Ebola virus nucleic acid molecules characteristic standard sample and preparation method thereof
Technical field
The present invention relates to a kind of Ebola virus nucleic acid molecules characteristic standard sample and preparation method thereof, belong to molecular biosciences Field.
Background technology
On May 14 nineteen ninety-five (lunar calendar April 15), Zaire finds rare infectious disease Ebola.Ebola (Ebola), It is used to call the generic term that a group belongs to fiber Viraceae Ebola virus subordinate's several viral, may result in Ebola virus Hemorrhagic fever, suffers from this disease and can cause people in extremely, comprise several symptoms in various degree, change including nausea,vomiting,diarrhea, the colour of skin, Muscular stiffness, internal hemorrhage, external hemorrhage, fever etc., the infected's symptom be all the Marburg virus of fiber Viraceae extremely Similar.This virus is with Ebola river name (this state is once called as Zaire) of Africa cd, and this place is close to the most quick-fried The clan sent out, the Congo is still the location of nearest four outbursts, including being once very popular of in May, 2005.

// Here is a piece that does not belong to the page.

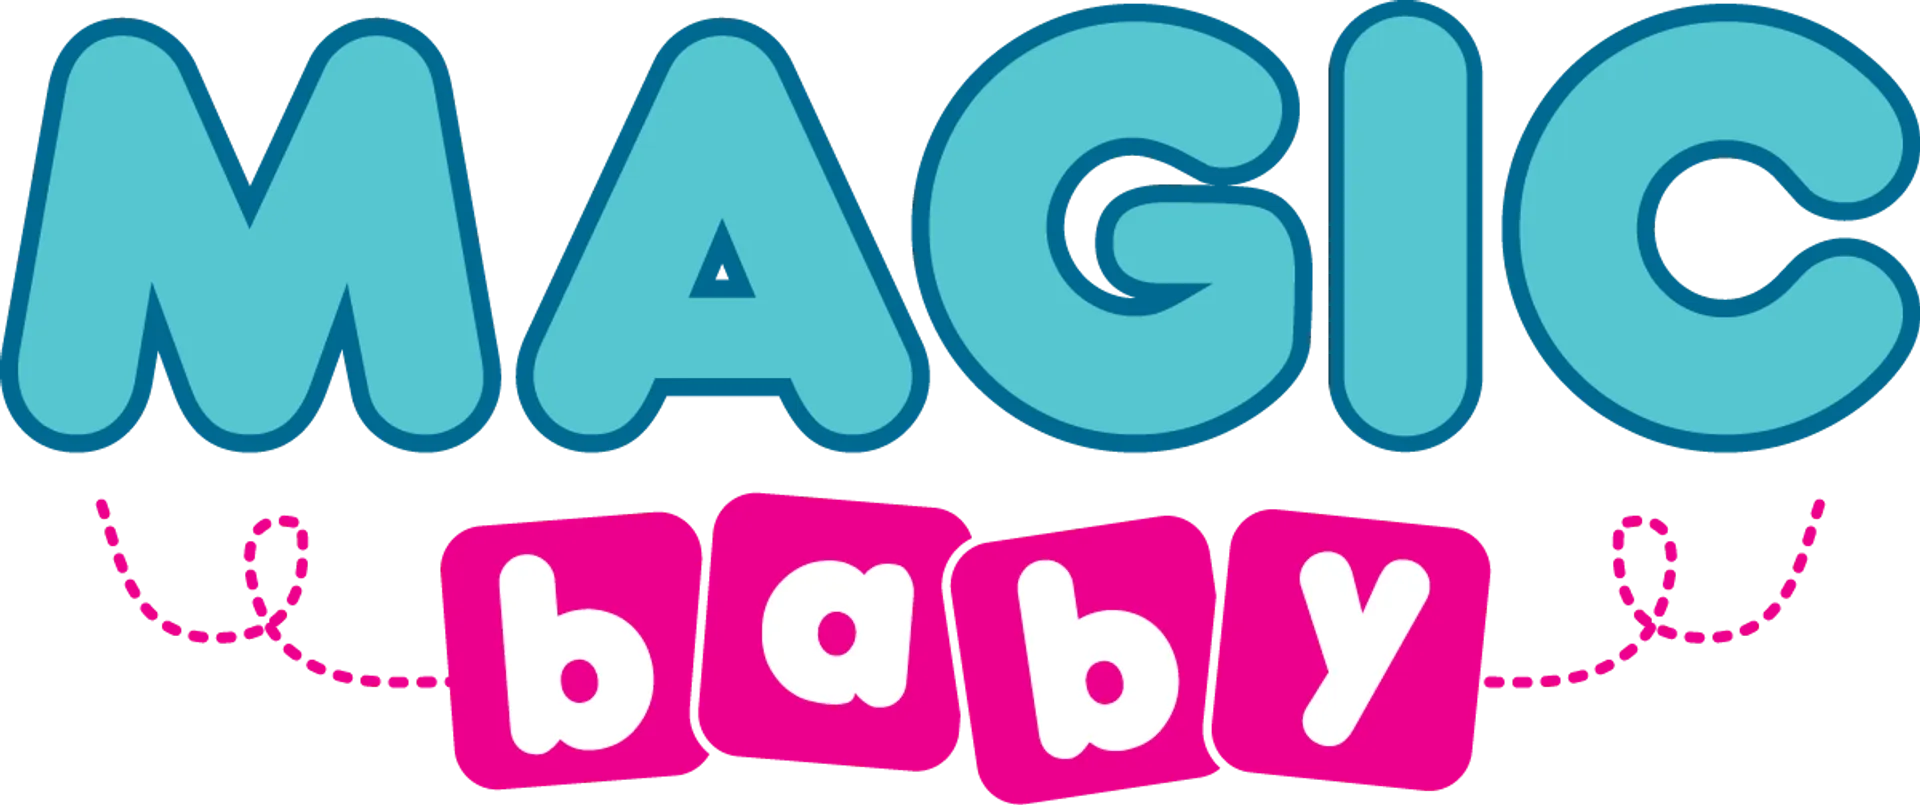 MAGIC BABY logo

Ebola virus, bio-safety grade is 4 grades, and (AIDS is 3 grades, and SARS is 3 grades, and the biggest protection of progression is the tightest Lattice).Virus latency was up to 2 to 21 days, but generally only had 5 days to 10 days.In this virus epidemic situation of Africa outburst in 2014, this Ebola's epidemic situation the most serious since having record has caused 932 people dead.
At present, the diagnostic method of Ebola virus is mainly by virus purification, agarose immunodiffusion technique, molecular biology Etc. diagnostic techniques.In recent years, along with the development of Protocols in Molecular Biology, real-time fluorescence PCR technology is quick with it, sensitive, special Property good advantage account for the biggest advantage, cause the concern of numerous researcher, but existing molecular Biological Detection kit mostly be public Take charge of and design positive control according to document, there is no unified standard.Along with the increase of foreign trade, the inspection process time limit shortens, It is difficult to ensure that the quality control in laboratory.
Summary of the invention
For the problems referred to above, the present invention develops a kind of Ebola virus nucleic acid molecules characteristic standard sample, can be used for feature Positive control during Sequence Detection, to ensure the tractability of testing result.Concrete technical scheme is as follows.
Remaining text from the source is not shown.